Table 5. ANOVA modelling results.

Source	Sum of Squares (SS)	Degrees of Freedom (df)	(Mean Squared) MS	F	p-Value > F
Columns	0.13373	4	0.03343	24.41	1.8543 × 10−15
Error	0.19856	145	0.00173	-	-
Total	0.33232	194	-	-	-

displays the results of the ANOVA analysis conducted on the data set in this study, and their corresponding ranking is illustrated in Figure 10. The ANOVA technique was employed to compare the means of different groups to identify any significant differences between them. The p-value obtained from the ANOVA results is higher than the F-value, confirming the difference between the provided performances. The table reveals that there is a statistically significant difference between the means of the various groups based on the column variable, as evidenced by the high F-value and low p-value. The error row in the table represents the unexplained variability within each group, whereas the total row represents the overall variability in the data set. As illustrated in Figure 10, the IGWO algorithm can provide excellent performance compared to other competitive algorithms. The IGWO produced the lowest variation range with the highest mean fitness, which demonstrated its robustness and accuracy.

To confirm the high performance of the proposed IGWO algorithm, the Tukey honestly significant difference (HSD) test, that was used to validate the findings of each optimizer, was performed, and the results are presented in Figure 11. Similar to the findings of the ANOVA test, the IGWO provided a higher mean fitness. Thus, it can effectively solve this problem.

6. Recommendations for Policy Implementation

This approach is based on the premise that modeling outcomes are dependable only if the constructed model is trustworthy and resilient. Hence, an ANFIS-based AI technique was utilized to develop this model. Once the model was established, an optimization tool was applied to determine the optimal set of controlling parameters that maximized the output of the pre-built model. This approach enables accurate and efficient modeling outcomes, which can provide valuable insights for policy implementation. Using this methodology, policymakers can make informed decisions and implement effective policies that positively impact the system being studied. The proposed approach can also be applied in other fields, providing an innovative and robust solution for policy development and implementation.

7. Study Limitations and Future Works

In conclusion, this study provides valuable insights into the application of machine learning techniques for predicting the performance of a particular system. However, it is important to note that this study is hindered by two significant limitations that must be addressed in future research. The first limitation is the limited number of experimental data points, which negatively impacts the accuracy of the results. Although the available data were carefully selected and analyzed, a larger dataset would provide more information and help improve the accuracy of the predictions.

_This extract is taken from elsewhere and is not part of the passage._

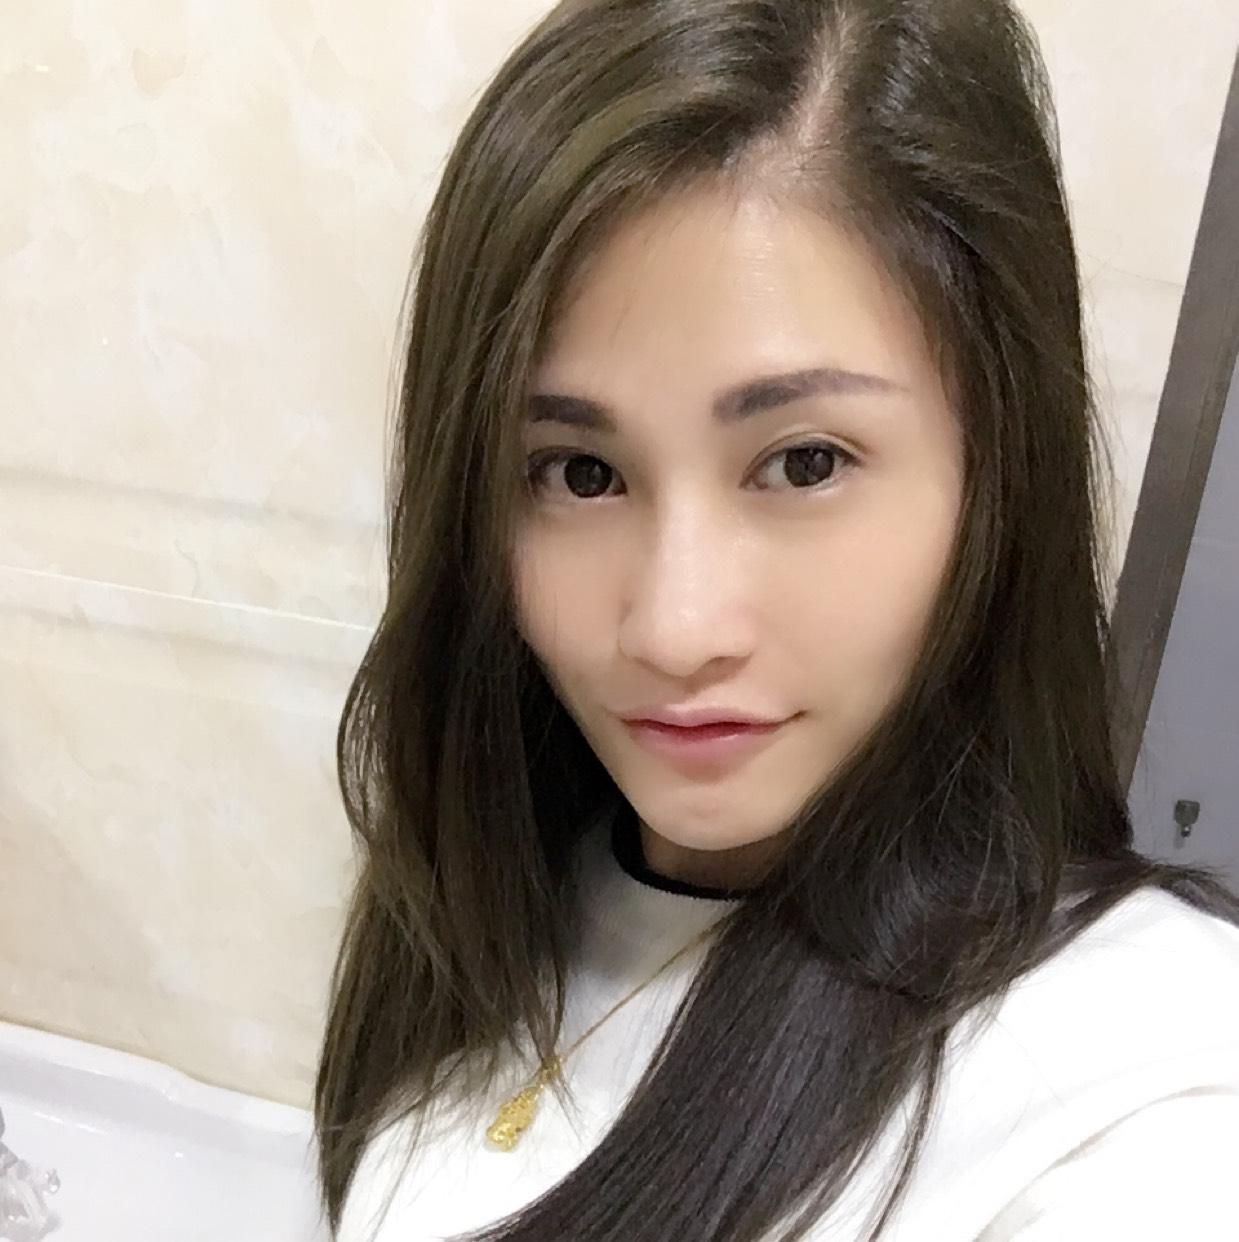 Shiguang

The second limitation is the premature convergence problem that arises during the optimization process, leading to suboptimal solutions. This issue could be addressed by adopting a more recent and advanced optimizer that can overcome this problem and achieve better results. Despite these limitations, this study demonstrated the potential of machine learning techniques for predicting system performance and can serve as a starting point for further research in this area.

To overcome these limitations in future research, it is imperative to conduct additional experiments to increase the amount of data and explore alternative modern and competitive optimizers. Expanding the modeling data samples would provide a more comprehensive understanding of the system, whereas exploring alternative optimizers would ensure the validity and robustness of the findings. In addition, other machine learning techniques could be explored to improve the accuracy of the predictions and enhance the overall performance of the system.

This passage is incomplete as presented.